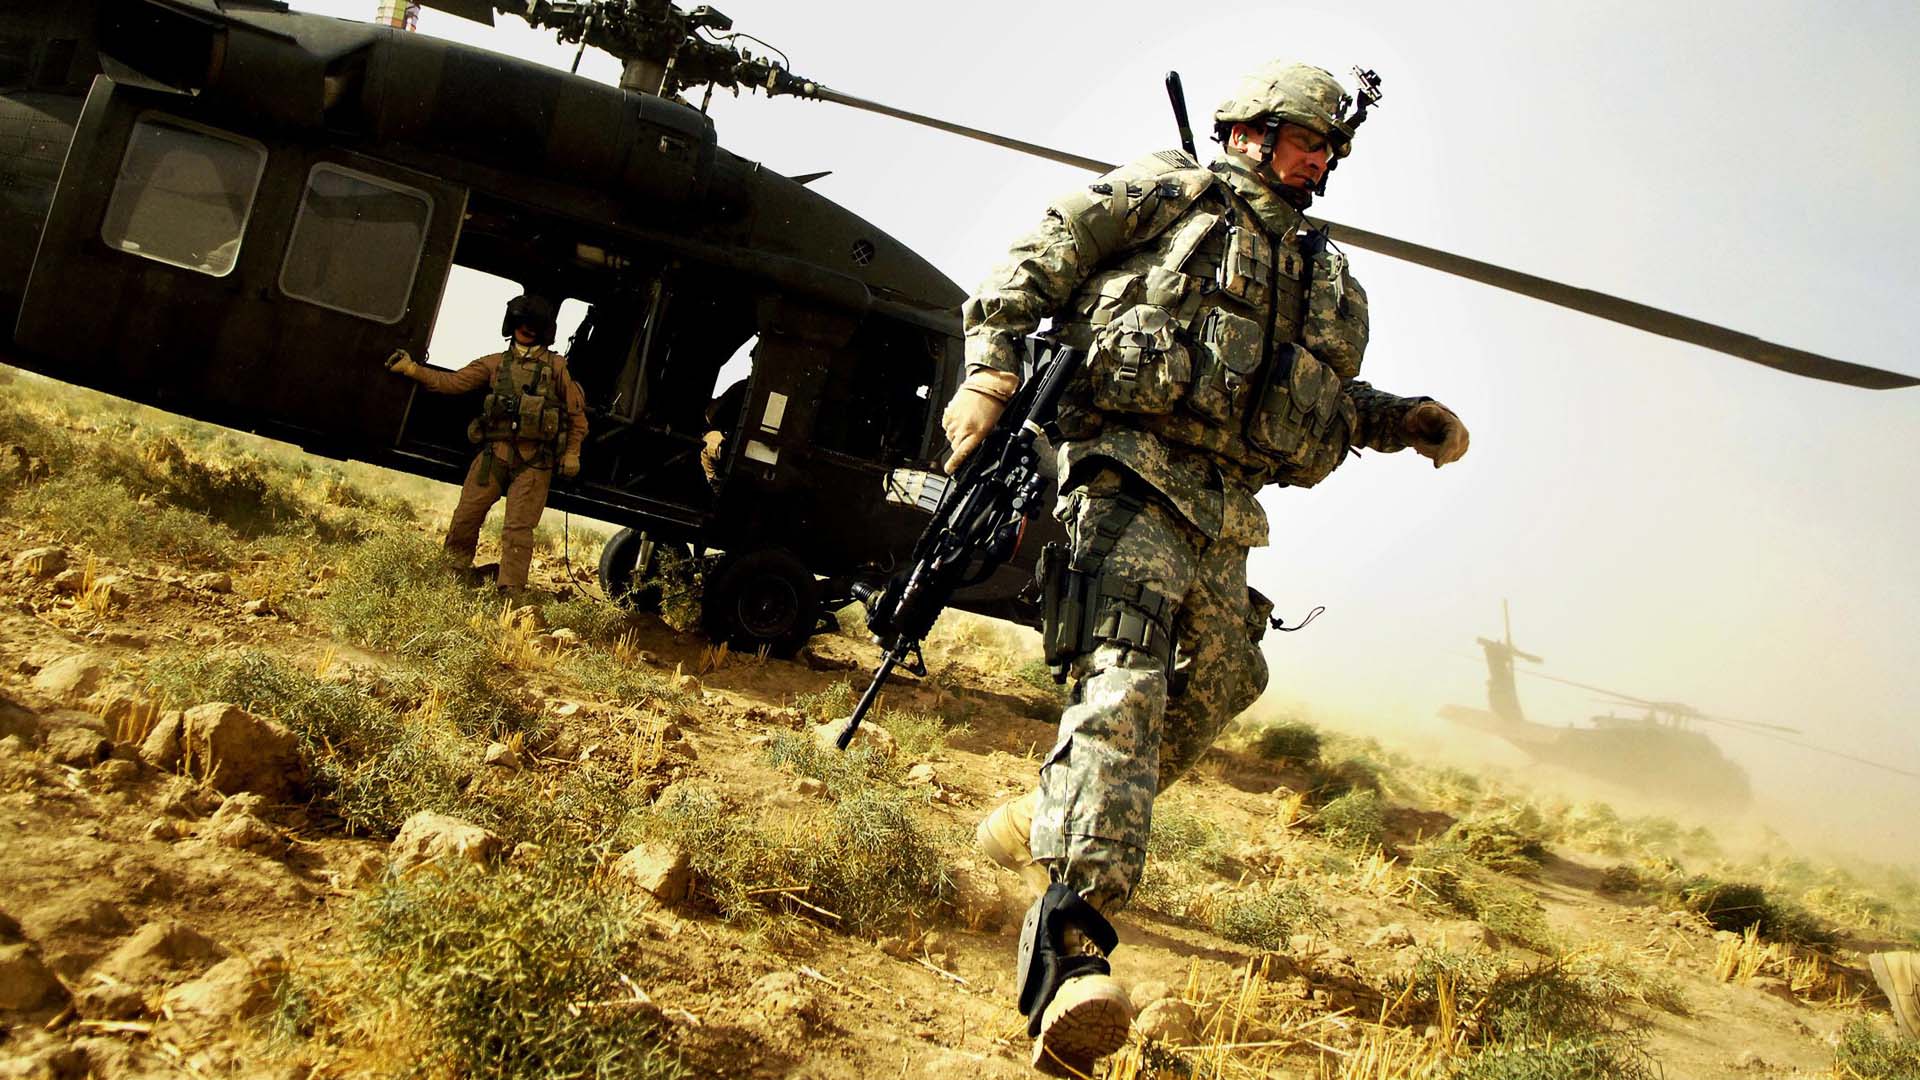 Us Army Soldier Wallpapers Full HD Daily Backgrounds in HD
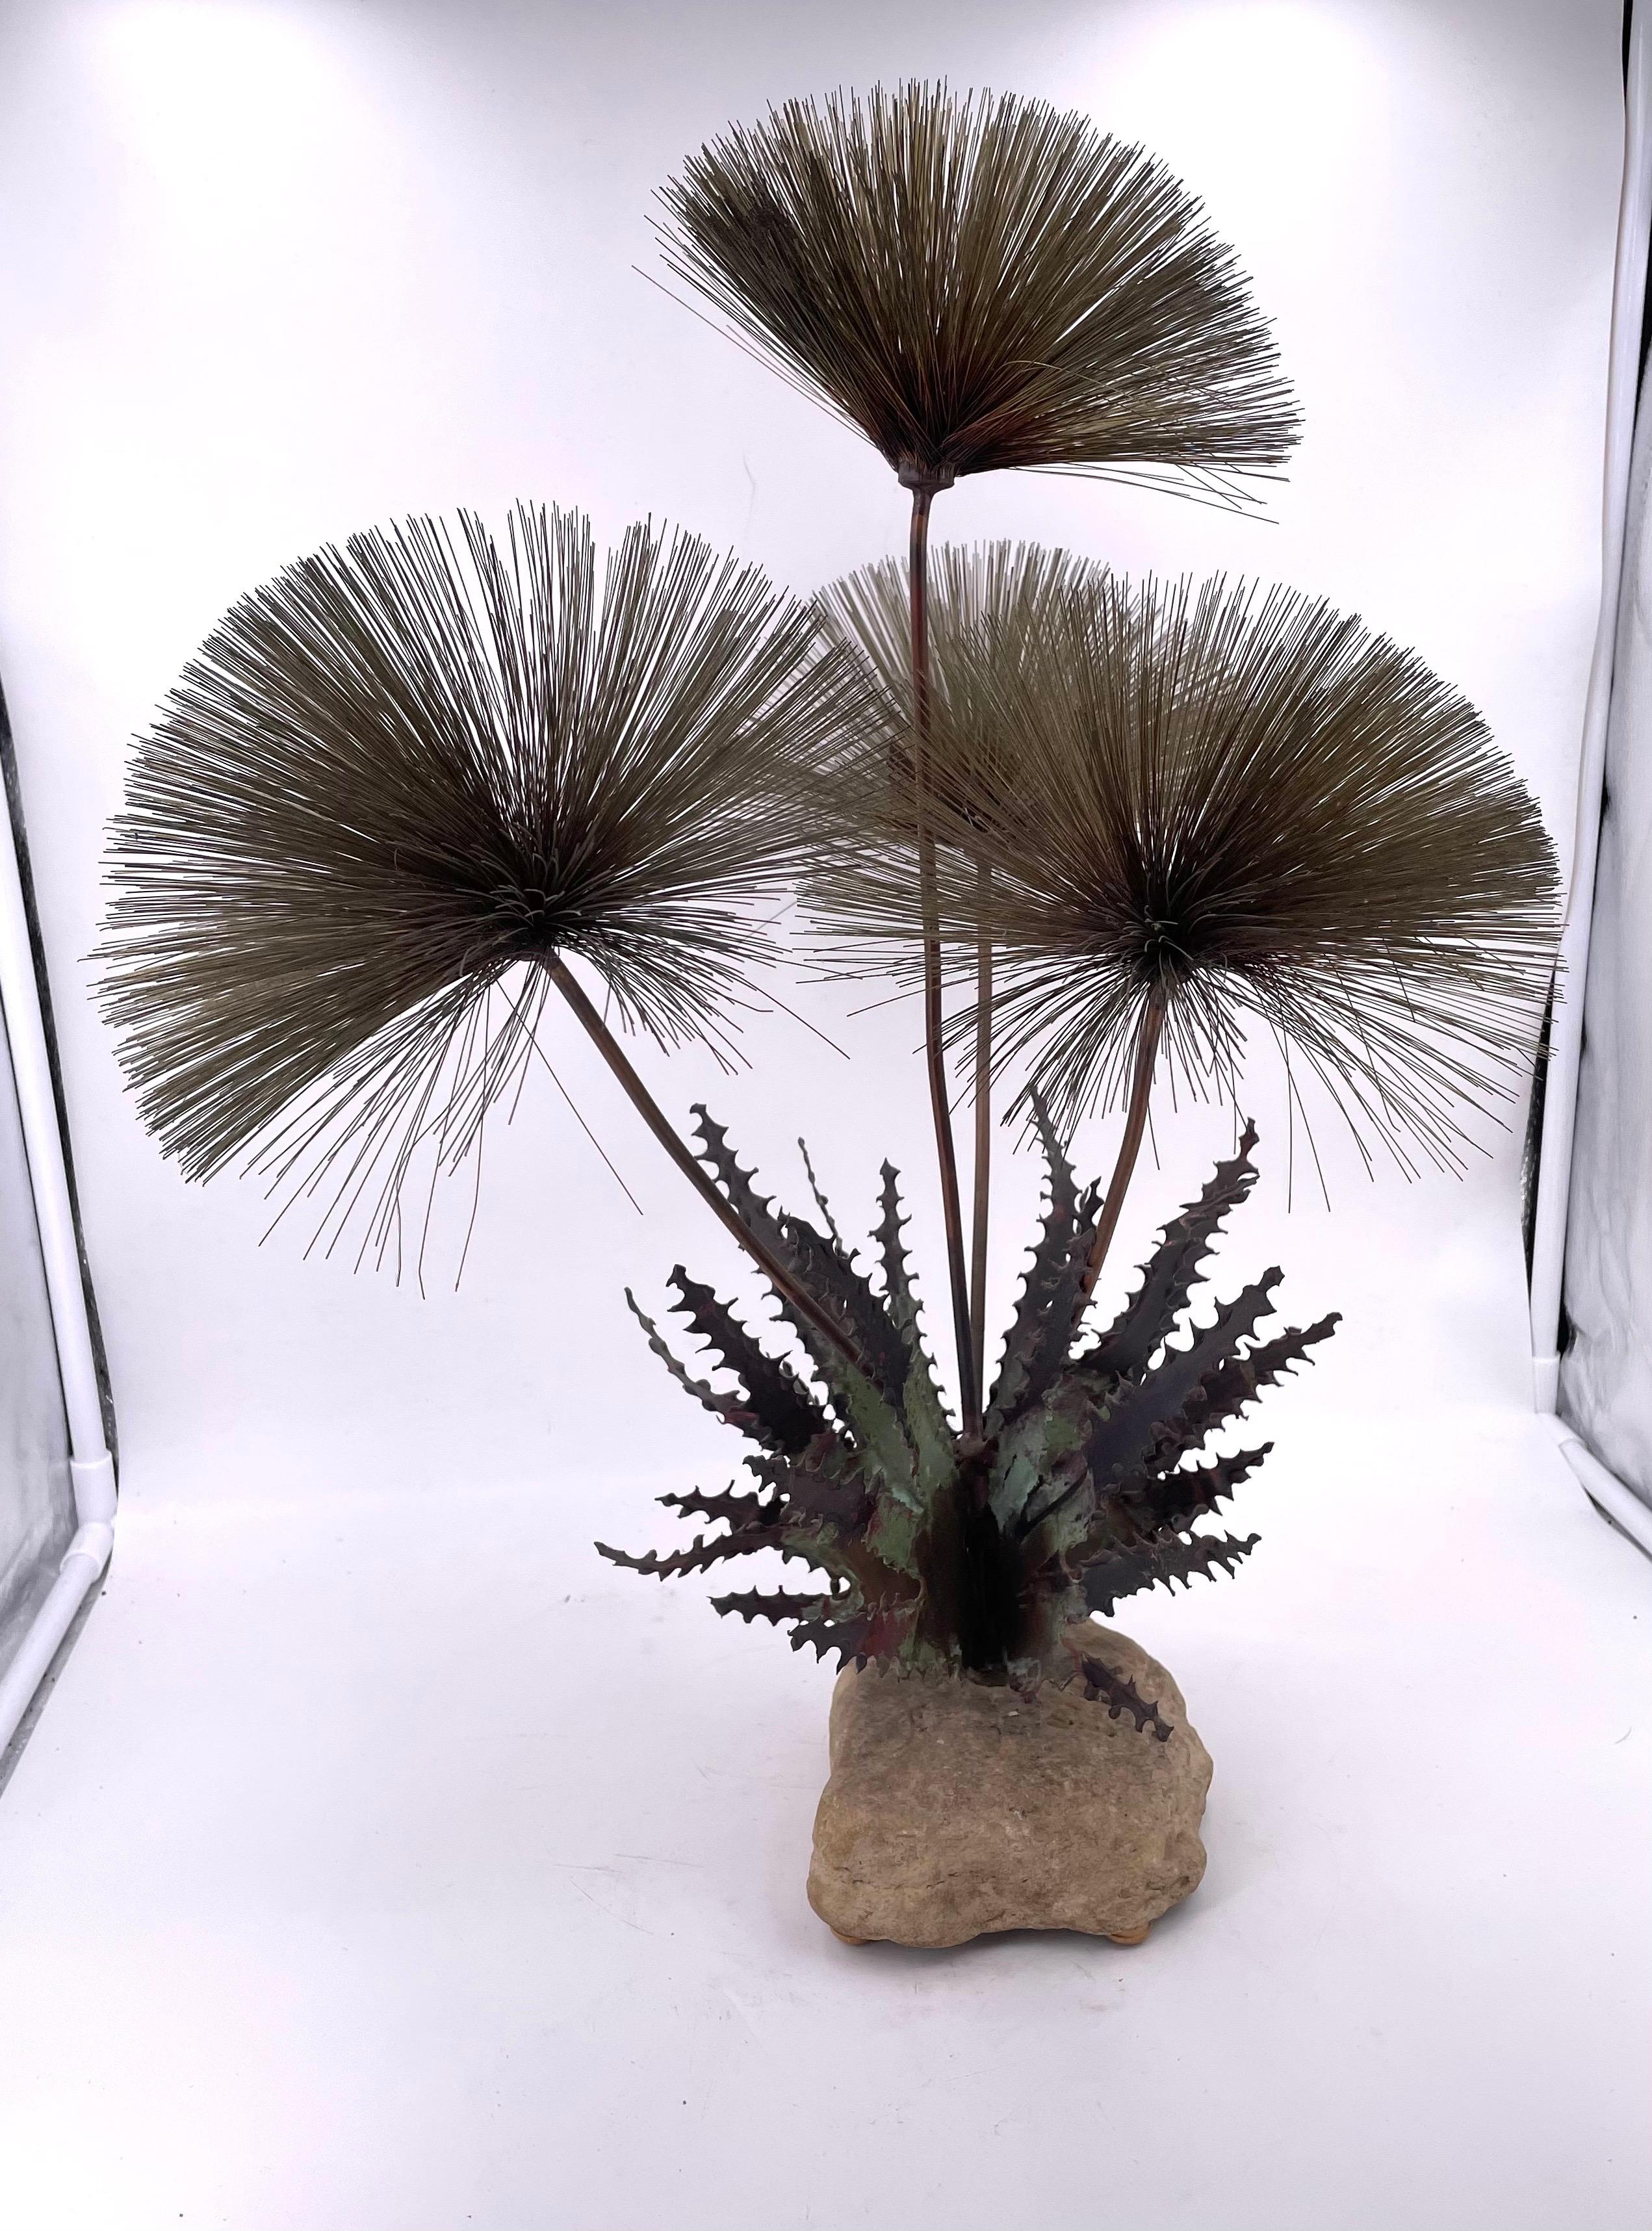 Signed sculpture of copper and stone by John Steck.
Looks like dandelions! A riff on the French tole plant sculptures...
Also called

### [PROMPT]
Please repeat the data above exactly as it appears, pictures excluded.

### [RESPONSE BELOW]
 Us Army Soldier Wallpapers Full HD Daily Backgrounds in HD
 Signed sculpture of copper and stone by John Steck.
Looks like dandelions! A riff on the French tole plant sculptures...
Also called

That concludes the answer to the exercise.